El Ixsir 2019 white en primeur Viognier Chardonnay Very perfumed and floral Viognier notes much more evident. Silky rich texture with more evident oak character on the palate and still not yet fully integrated. Again restrained style fruit with long citrus acidity.

Both whites showed high altitude cool climate restraint with the fresh creamy acidity often found on limestone. In a blind tasting, the delicate aromatics made me think of Chardonnay Musqué - an aromatic mutation of Chardonnay. Interestingly there seems to be a link between the Lebanese variety Obaideh and and another Chardonnay mutation Chardonnay Rosé.

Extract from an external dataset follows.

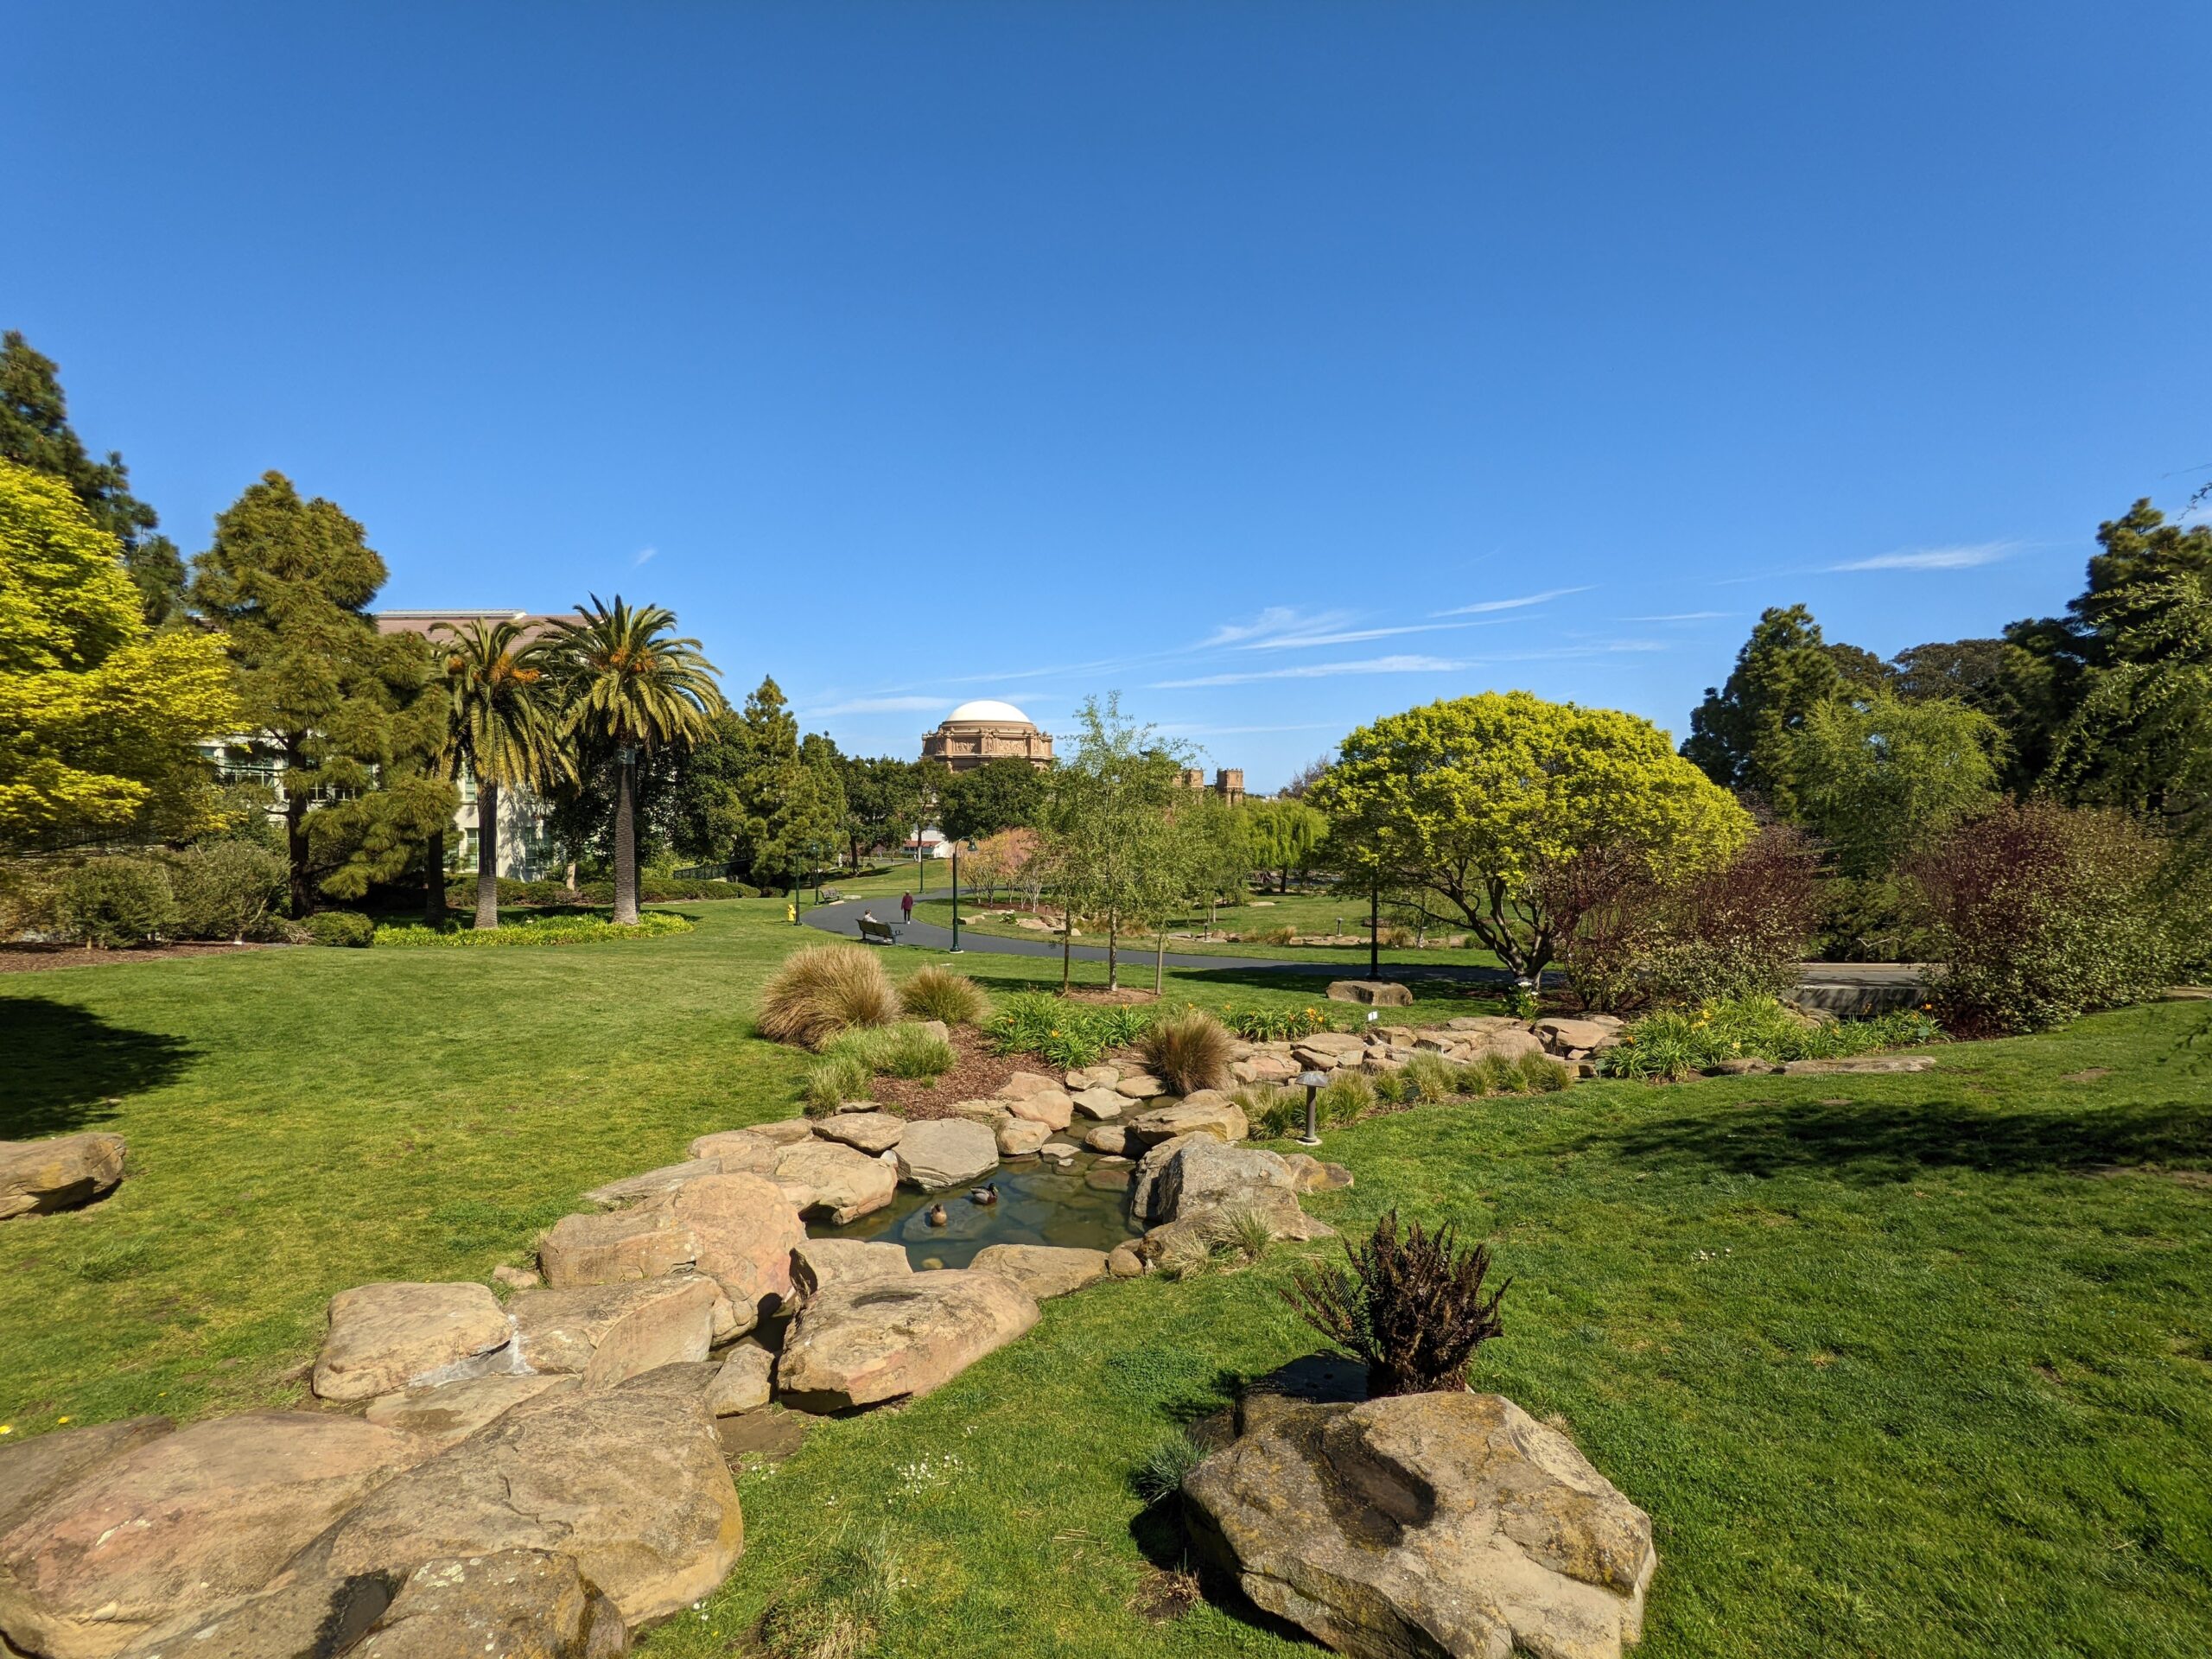 Park land near San Francisco Presidio
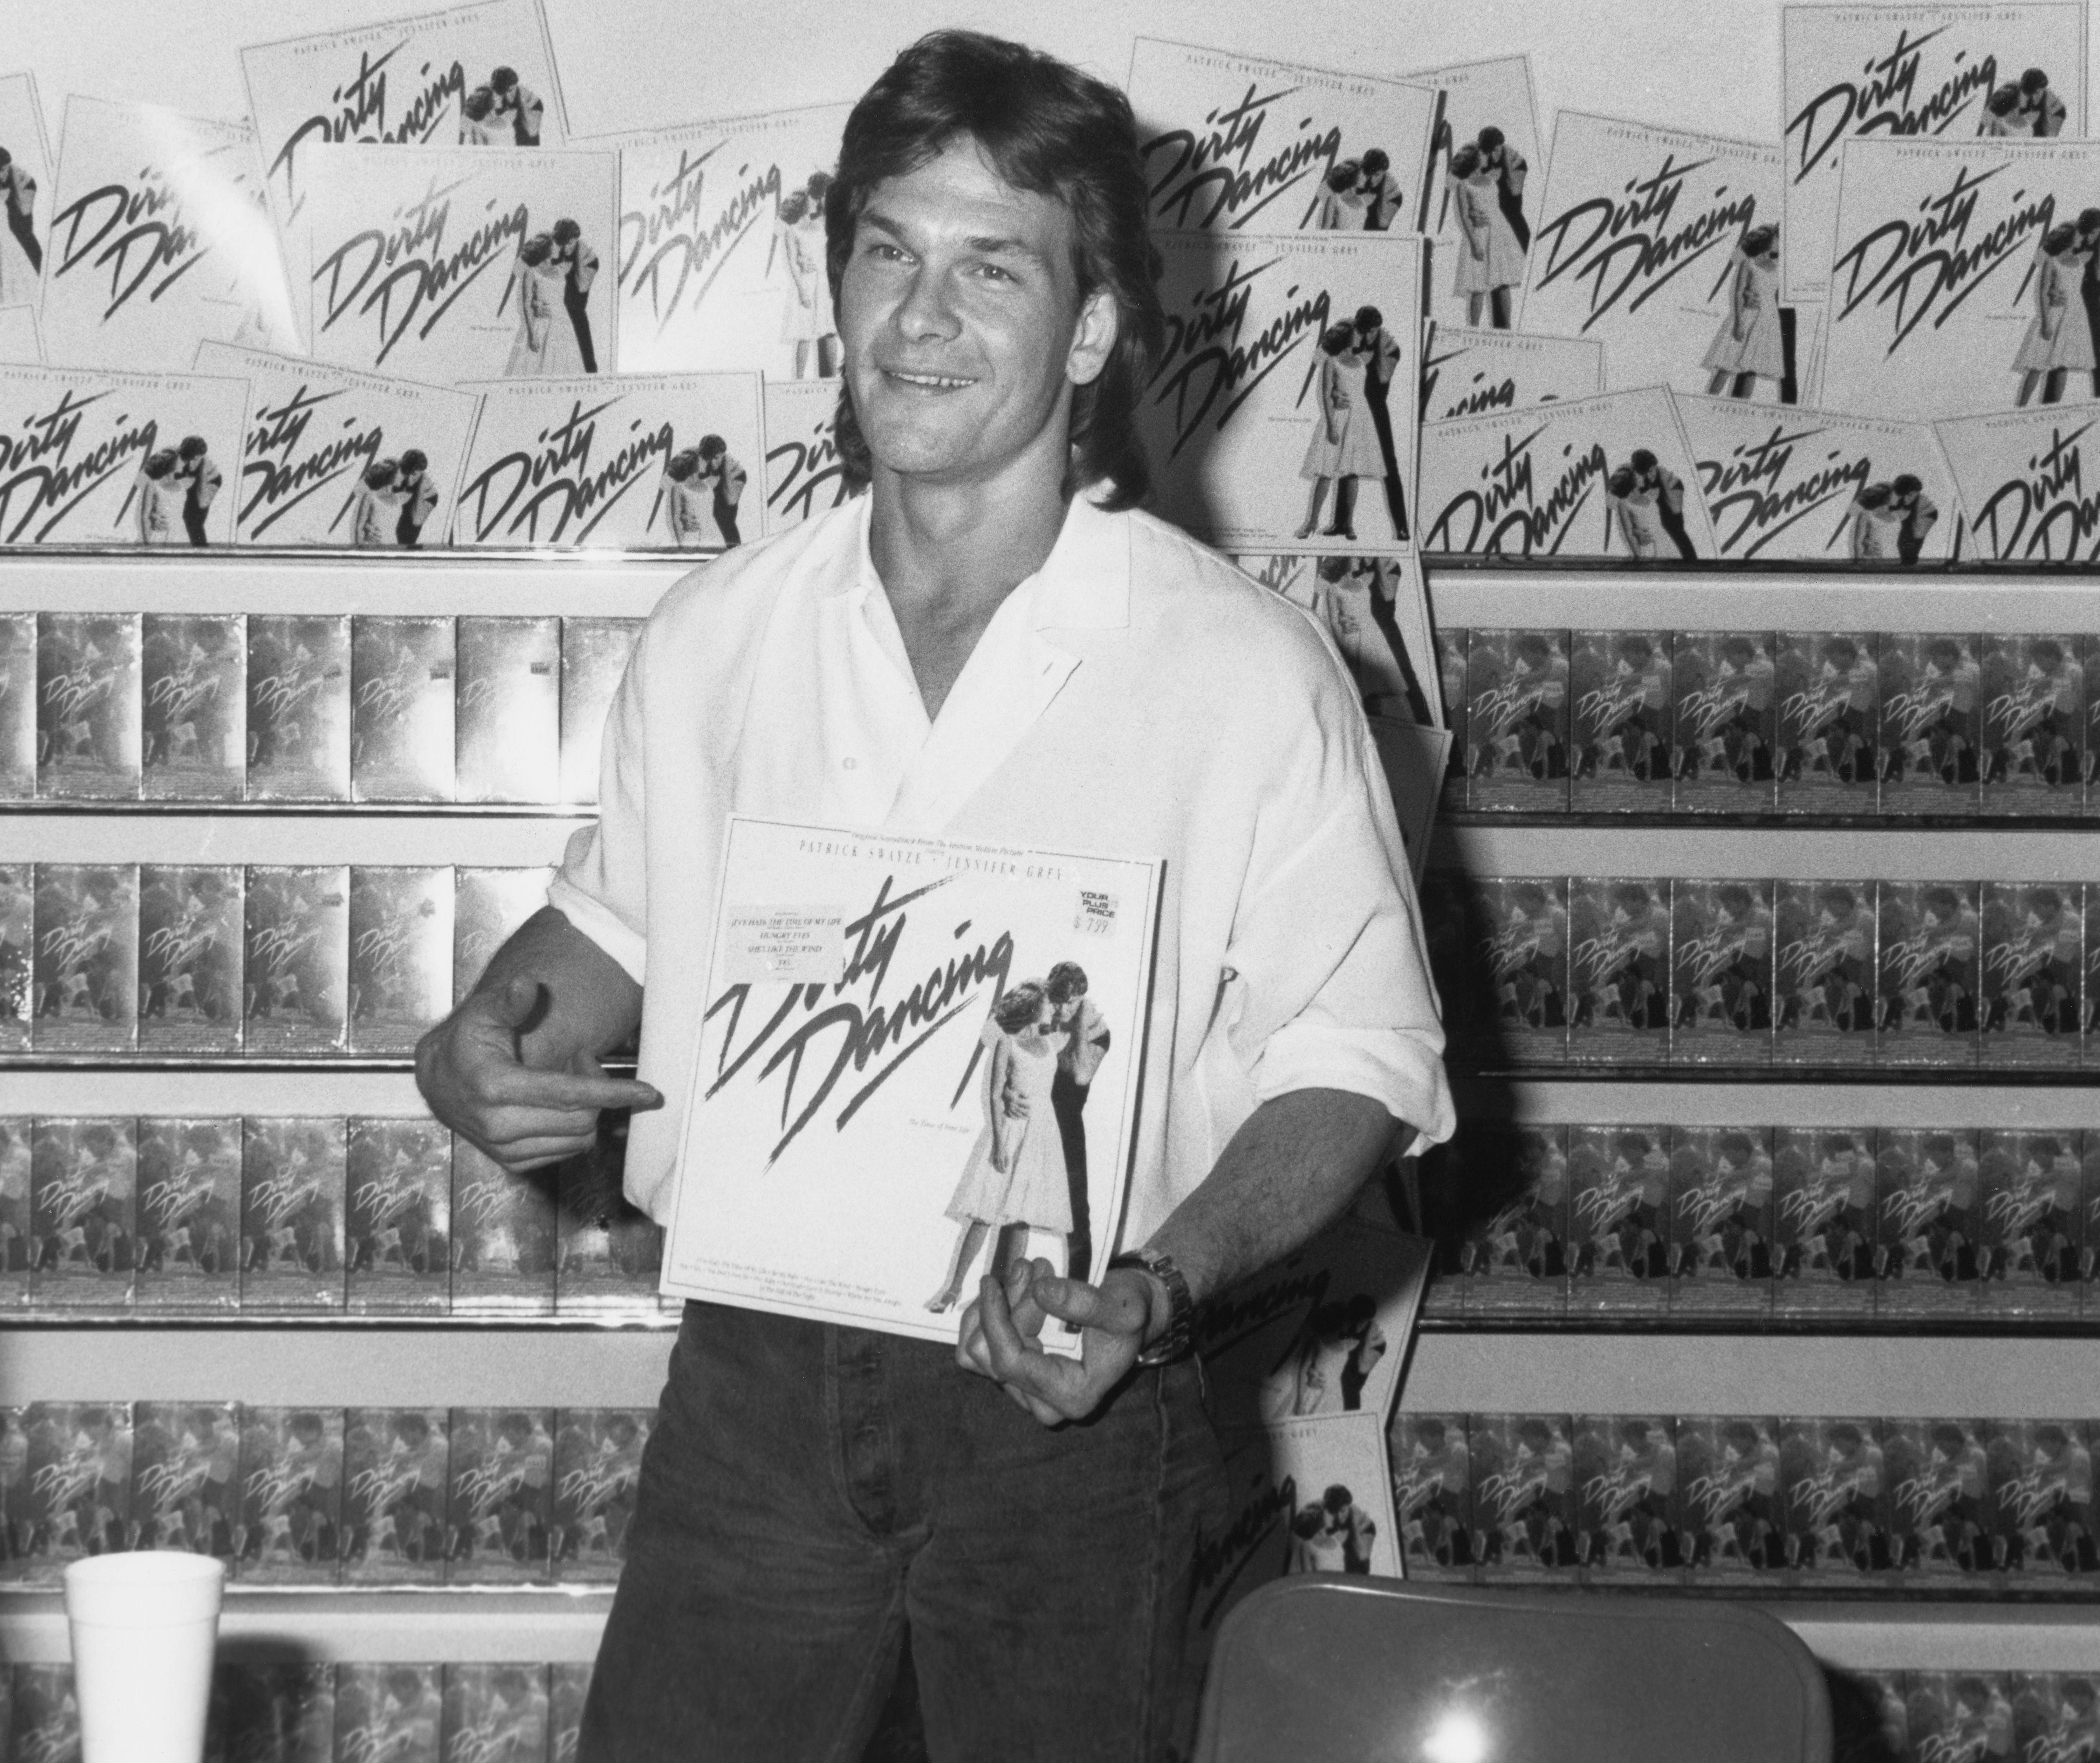 Patrick Swayze assiste à un événement promotionnel dans un magasin où il a signé des copies de la bande originale de 'Dirty Dancing', dans un magasin de disques à Los Angeles, Californie, 1988 | Source : Getty Images

El Ixsir 2014 red 14% abv 55% Syrah 35% Cabernet Sauvignon 10% Merlot on iron clay and limestone on three vineyard plots at 1800m, 1375m and 1180m aged in French oak (50% new) for 24 months. On the nose, ripe black fruit aromas followed through with tight black cassis fruit and firm tannins. In fact the cassis and blackberry fruit is so intense it feels almost jam=like, except that it is dry and restrained on the finish with notes of black minerality and garrigue. Tannins are fine grained and slightly powdery texture, mouth coating on the finish. Medium + length for acidity, although the fruit stops a little short of the acidity. Ready to drink now but will continue to mature and age for a while. I tried this with a vegetable tomato gratin which did not fight with the wine's richness and with a freshness which echoed the elegant acidity.

El Ixsir 2019 red en primeur. Lovely menthol black fruit nose. Ripe, rich supple. Much more new world - opulent black fruit, black currants, cassis, with fine silky tannins. Juicy with long fresh acidity. Another 18 months in barrel will tighten up the tannic structure. Quite a powerful fruity wine with lovely freshness.